A brief history of mental health care in Vermont
BRATTLEBORO -- The Vermont State Hospital was opened in 1890 in Waterbury. It was built to relieve overcrowding of the Vermont Asylum for the Insane, now known as the Brattleboro Retreat, which was opened in 1849.
At one time, the state hospital complex in Waterbury grew in size to 40 buildings, with a patient population peaking in the 1930s at more than 1,700. But by the 1980s, it had shrunk to one building, with the remainder being used for state offices, many of which were also flooded by the rains deposited by Irene in August 2011.
Since the state hospital was closed following the storm, Gov. Peter Shumlin has proposed spending $45 million on new mental health facilities around the state, including $20 million for a 25-bed state hospital in Berlin.
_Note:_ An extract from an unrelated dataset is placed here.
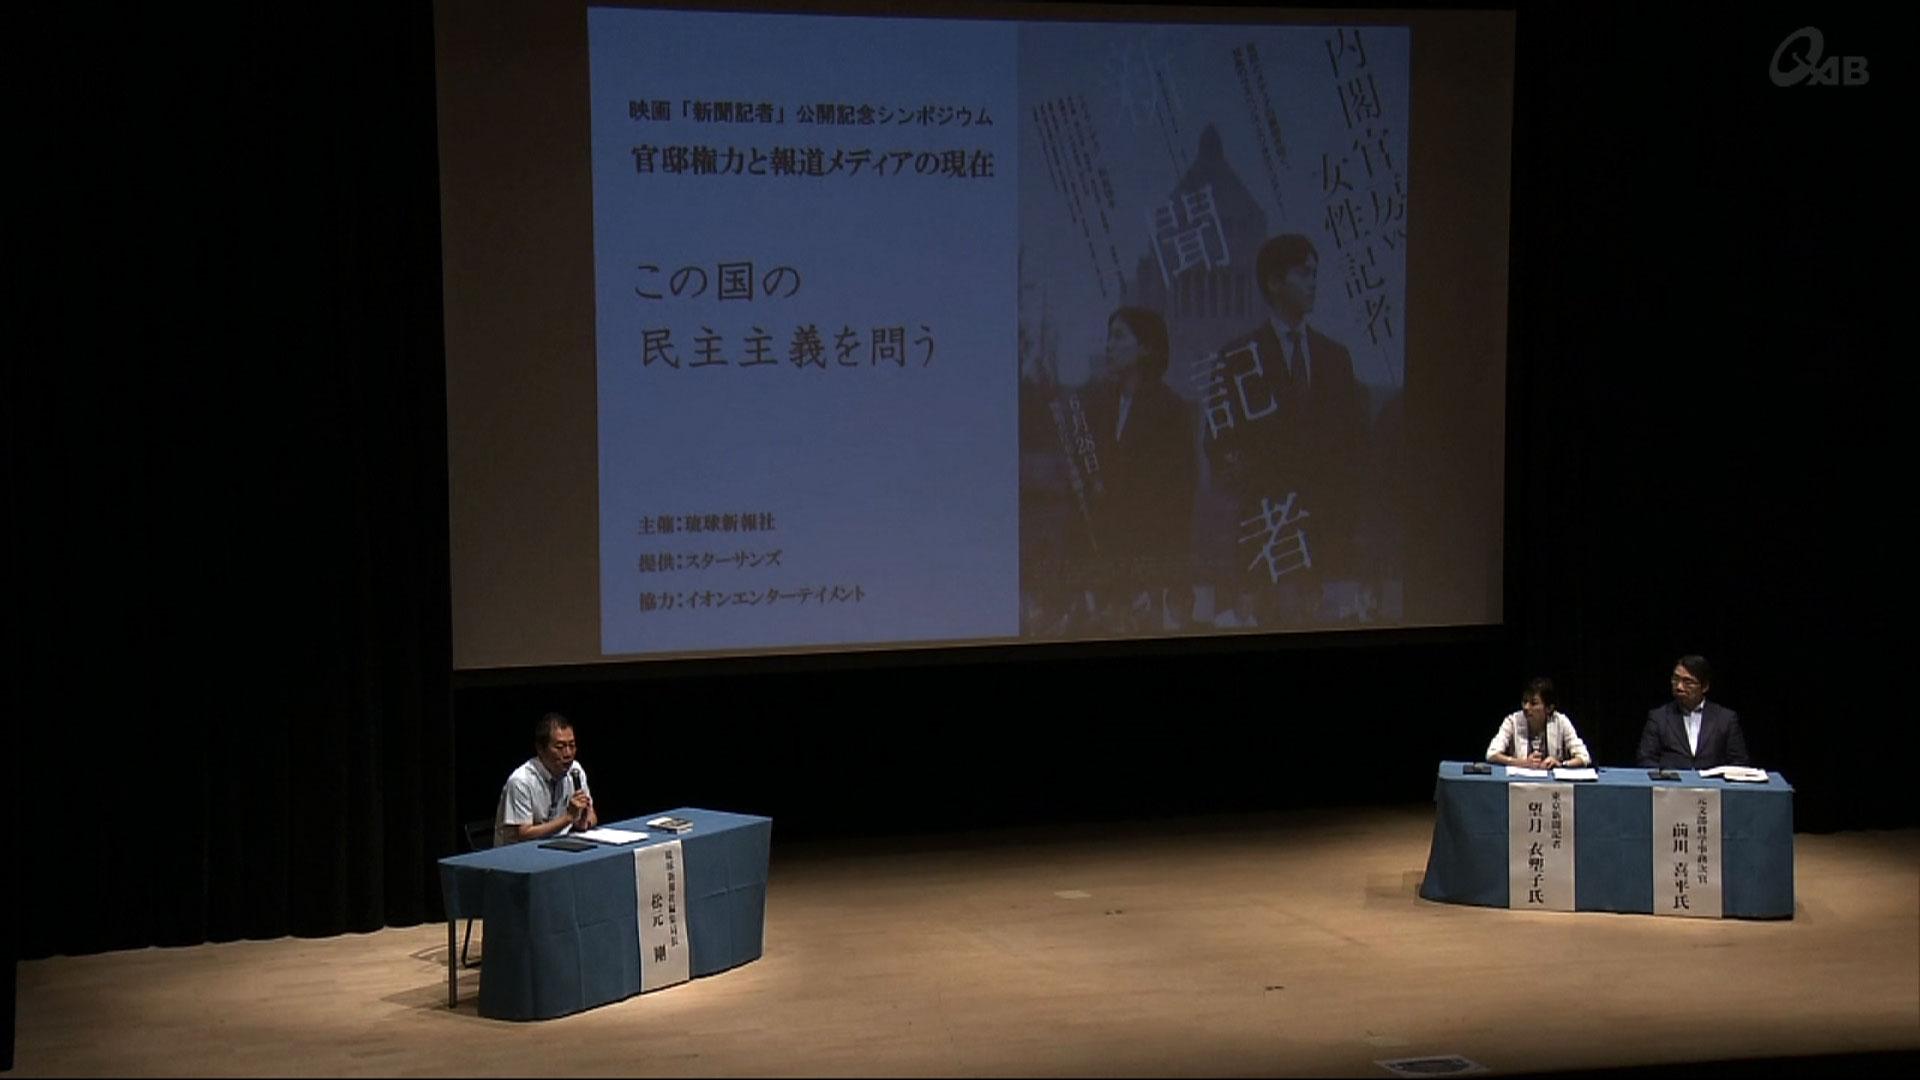 映画「新聞記者」公開記念シンポ 望月記者が登壇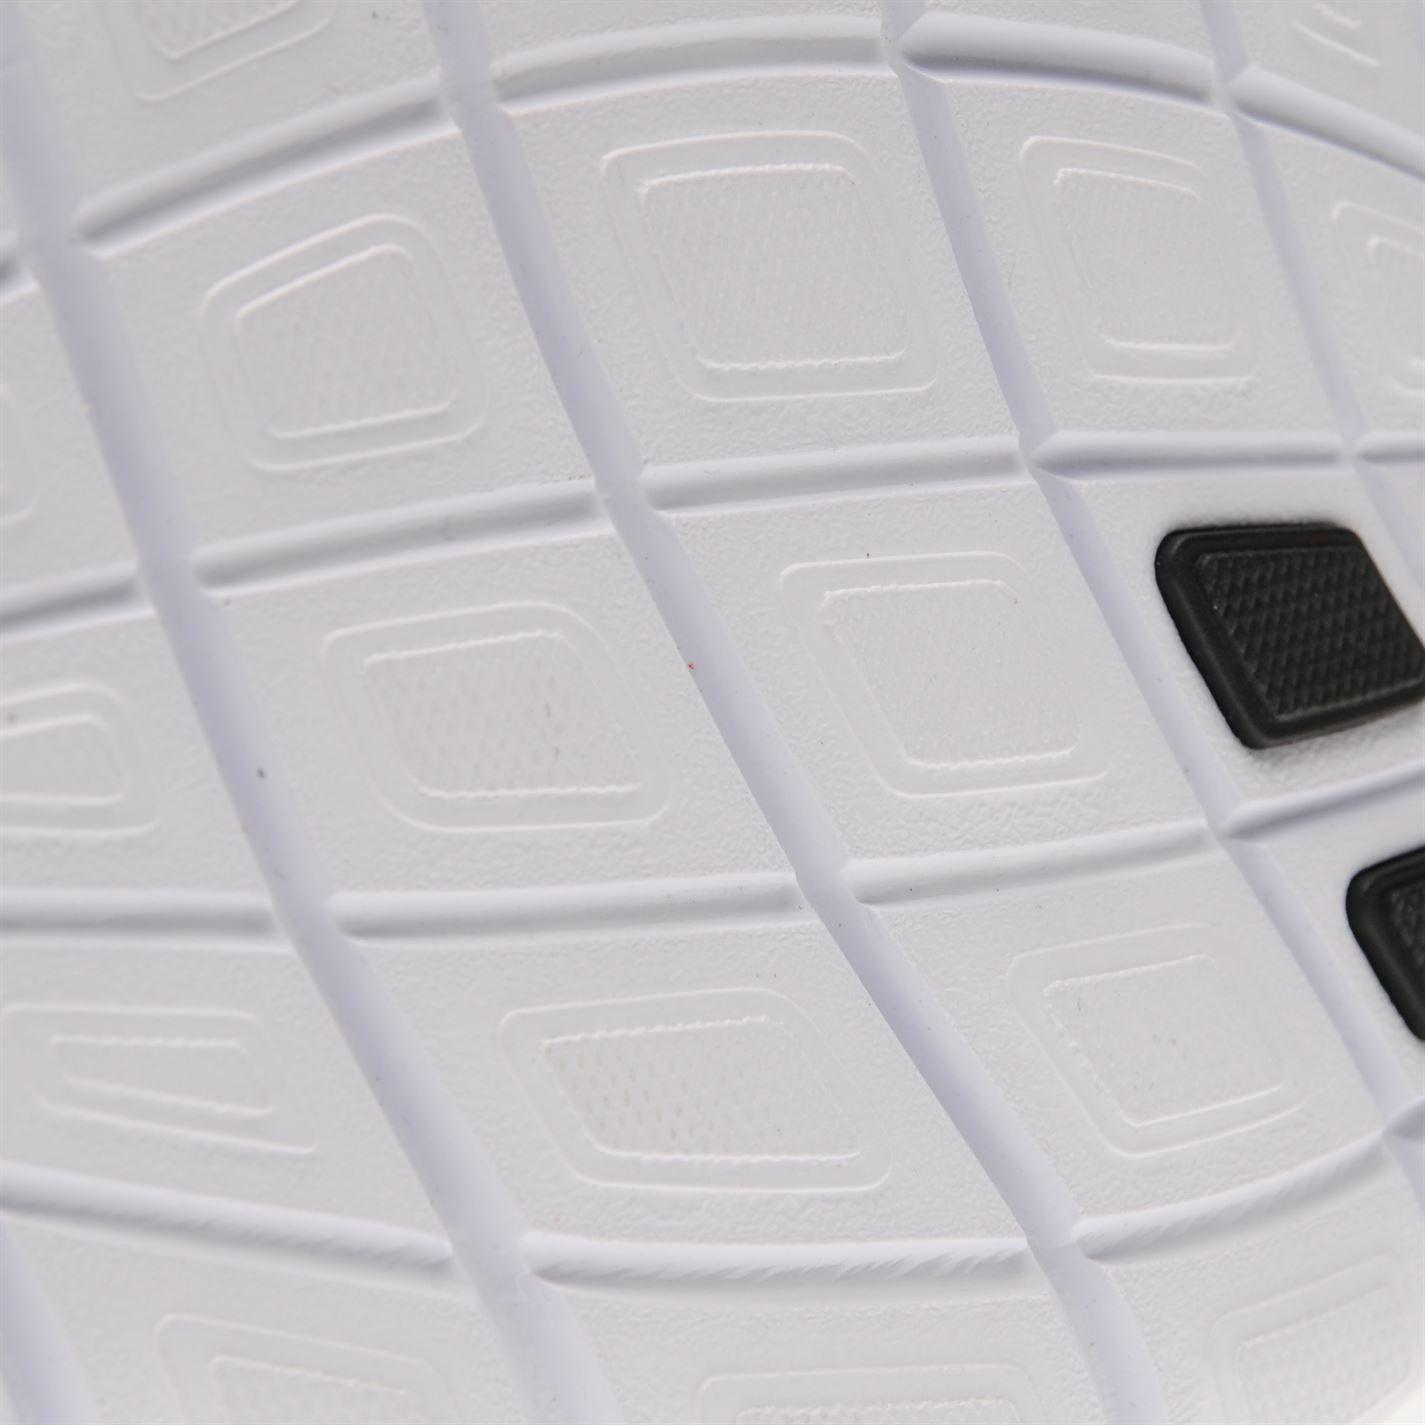 Karrimor-Mens-Duma-Trainers-Lace-Up-Sports-Running-Cross-Training-Shoes thumbnail 21

Vermont was hoping to get 90 percent of its funding from FEMA, but the federal agency initially denied the application, concluding the buildings in Waterbury were not destroyed by the flooding and therefore the state did not deserve emergency funds for rebuilding them. In January, the state was notified that it would be receiving $30 million in combined insurance payments and funding from FEMA to build the hospital in Berlin.
The state’s new plan calls for care facilities in communities around the state.
According to a December 2012 report from the Mental Health Oversight Committee of the Vermont State Legislature, the state’s mental health system provides services to more than 28,000 adults and children every year. Care ranges from acute inpatient hospitalization to case management and peer services.
Prior to the closure of the state hospital, acute mental health care was provided at the centralized location in Waterbury.
"The General Assembly used the devastation of VSH as an opportunity to transition from a centralized system of care to a decentralized system that emphasizes community supports and services over institutionalized treatment," wrote the eight members of the oversight committee.
Since the state hospital’s closure, the rate of inpatient placement being delayed in Vermont has increased over time, though the number of involuntary applications has remained stable, according to a January 2013 report from the Department of Mental Health to the Vermont State Legislature.
"This is due to the overall reduction in inpatient beds and the intensity of services required," stated the report. "Of the 252 waits identified during this time frame, 63 percent (158) were placed within 24 hours of presenting to the (emergency department). Over the 35-week period, on average, only one wait per week exceeded 24 hours."
The state converted a former nursing home in Morrisville to the Green Mountain Psychiatric Center with eight beds. It also approved the creation of a six-bed unity at Rutland Regional Medical Center and a unit at Fletcher Allen in Burlington. Also on tap is a seven-bed secure unit in Middlesex, that is expected to open sometime this month. In addition, inpatient and outpatient care is being provided by Central Vermont Medical Center in Berlin and the Windham Center in Bellows Falls.
In Williamstown, Second Spring has made room for eight temporary residential intensive care beds and in Westminster, Hilltop Recovery Residence, an intensive transitional residential facility, opened in June 2012.
The Brattleboro Retreat, which was in discussions to take some of the state hospital’s patients prior to its closing, added 14 beds to meet the deficit caused by Irene. It is in the process of $5-million renovation project, which will result in a secure 14-bed unit in one of the Retreat’s buildings. That unit is expected to open in early April.
During the 2012 Legislative Session, Act 79 was passed to reform the state’s mental health care system. It called for a strengthening of "a well-respected community mental health system, bolstering supports and filling gaps to assist people living in and receiving treatment in their communities."
Act 79 supports an increase in case management services for designated agency outpatient clients and emergency outreach services in every community. Peer support programs have expanded and a statewide inter-disciplinary training program between police and mobile crisis responders was developed.
Act 79 also calls for a reduction in law-enforcement interventions through mobile crisis outreach teams.